John logró dominarse, aunque por dentro se lo llevaban los demonios.
—Ana —dijo—, el LSD es una sustancia ilegal en la mayoría de los países. No sé con qué médicos has hablado, pero no me hace ninguna gracia que sepan ciertas cosas sobre mí. Imagínate que uno de ellos comete una indiscreción y la cosa salta a la prensa. A John Lennon casi lo crucificaron en Estados Unidos por haber consumido marihuana en Inglaterra.
—Eran otros tiempos —respondió ella—. Y además, los médicos son personas de toda confianza.
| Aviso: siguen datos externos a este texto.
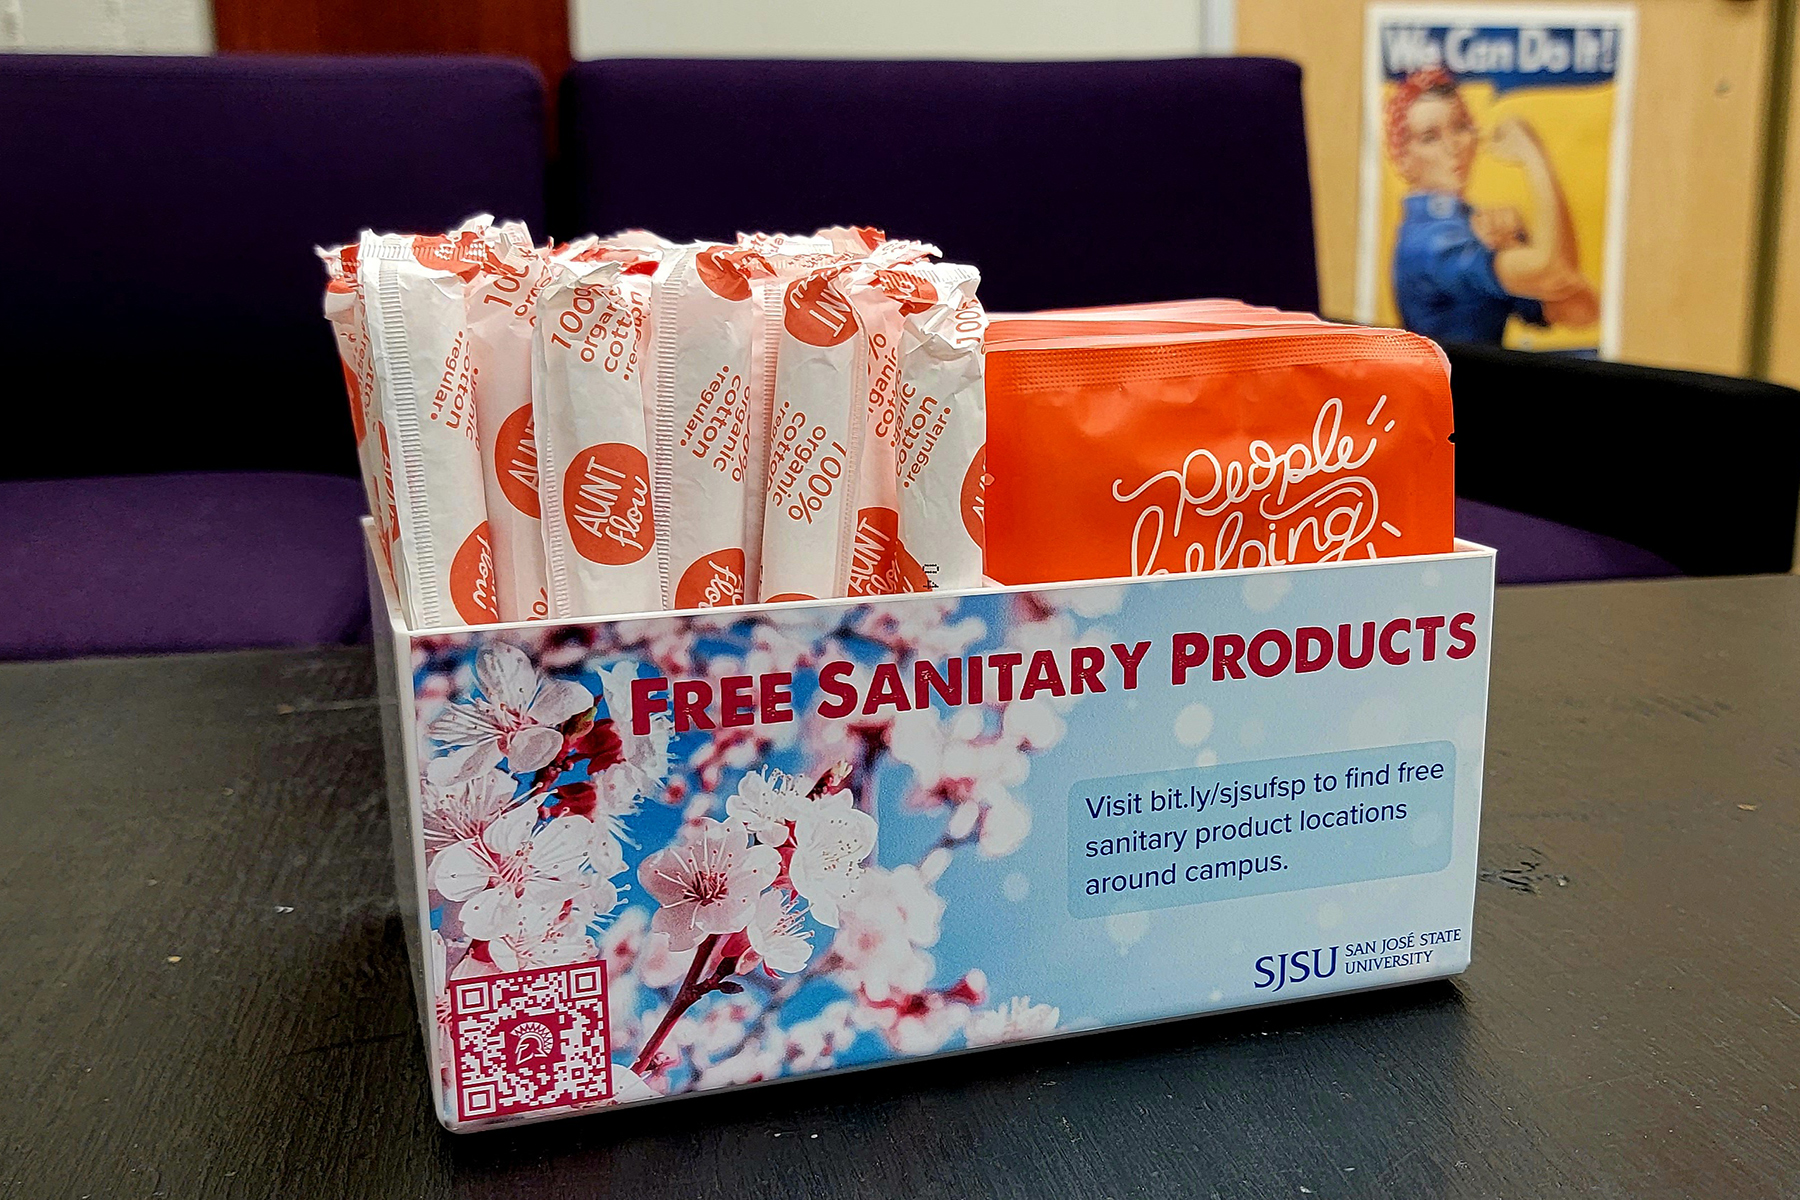 Display of sanitary products in a distribution box.

A uno de ellos incluso lo conoces.
—¿Kesselman? —preguntó John, ya a punto de estallar. El silencio asertivo de su mujer hizo revolverse en su silla al músico.
—¡Cojonudo! —John tronaba, paseando por la habitación a grandes zancadas.
En ese momento, el camarero del servicio de habitaciones, que les traía el desayuno, llamó a la puerta y el músico lo recibió con cajas destempladas.
—¡Deje el carrito en el pasillo y no incordie! ¿No ve que nos estamos drogando? —le espetó, cerrándole luego la puerta en las narices.
La extemporánea reacción de John hizo que su mujer se avergonzara de él y se tapara incluso la cara con las manos.
—John, por favor —le suplicó.
—¡Por favor, una mierda! —vociferó él—. ¡Le has contado a uno de tus ex que soy consumidor de LSD! Y naturalmente, él habrá aprovechado para recordarte lo mal que hiciste al dejarle, para unirte a un pobre yonqui como yo.